Plug-In Hybrid • A Plug-In Hybrid combines the features of a hybrid car and fully electric car. • It has a larger battery than a standard hybrid (like the Toyota Prius). • For short trips it can run as a pure electric car with the battery recharged by plugging in to the mains. • For longer trips the petrol engine comes into use, so it doesn’t have the range limitations of a pure electric car.
Plug-In Hybrid Several plug-in hybrid cars are now on the market. Chevrolet (Holden) Volt Plug-in version of Toyota Prius Mitsubishi Outlander P-HEV Chevrolet Volt – 111 kW electric motor 53 kW petrol engine Electric range 60 km - Petrol range 610 km
Fuel Cell Car • Fuel cell cars use electricity generated by a fuel cell. • Unlike a conventional battery a fuel cell can supply electricity continuously as long as it is supplied with fuel. • Fuel cells can run on hydrogen and oxygen producing water as the only exhaust product.

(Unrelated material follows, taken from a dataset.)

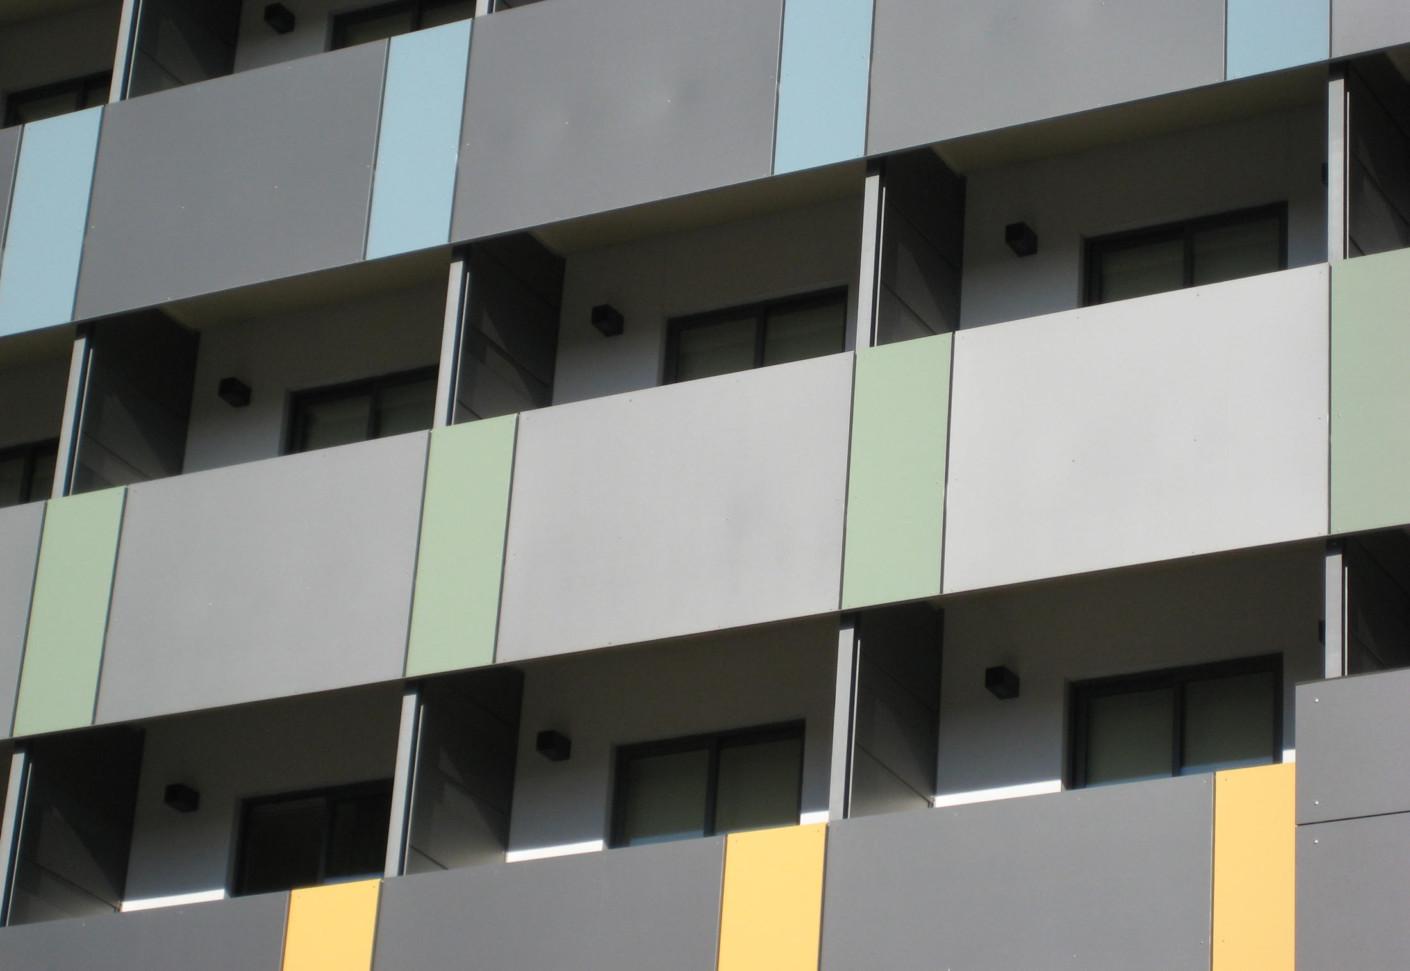 Trespa 174 Meteon 174 Balconies Von Trespa Stylepark

Fuel Cell Fuel cells involve an electrolyte material that is sandwiched between two layers of catalyst. There are a many types of fuel cell using different electrolyte and catalyst materials.
Fuel Cells Fuel cells supplied power to NASA’s Apollo spacecraft and to the Space Shuttle. The fuel cell provides not only power, but the resulting H2O can be used as drinking water. The Apollo 13 accident in 1970 was due to the explosion of an oxygen tank. Without oxygen, the spacecraft lost its ability to generate power using its fuel cells.
Honda FCX Clarity The Honda FCX Clarity is a hydrogen fuel cell car. A small number of these vehicles have been leased in California.
Honda FCX Clarity • 100 kW H2-O2 fuel cell • 100 kW electric motor • Compressed hydrogen fuel 4.1kg tank capacity. • 440 km range
Hydrogen Economy The hydrogen economy is the name given to a proposed future system of energy supply for vehicles based around hydrogen. Hydrogen would be produced by electrolysis of water using electricity generated by emission free methods (e.g. wind, solar, nuclear). Hydrogen would power vehicles using fuel cell technology. The hydrogen economy has the potential to greatly reduce the CO2 and other pollution associated with fossil fuels. Opponents of the hydrogen economy argue that developing the technology and infrastructure needed would be expensive and inefficient, and there are more cost effective solutions.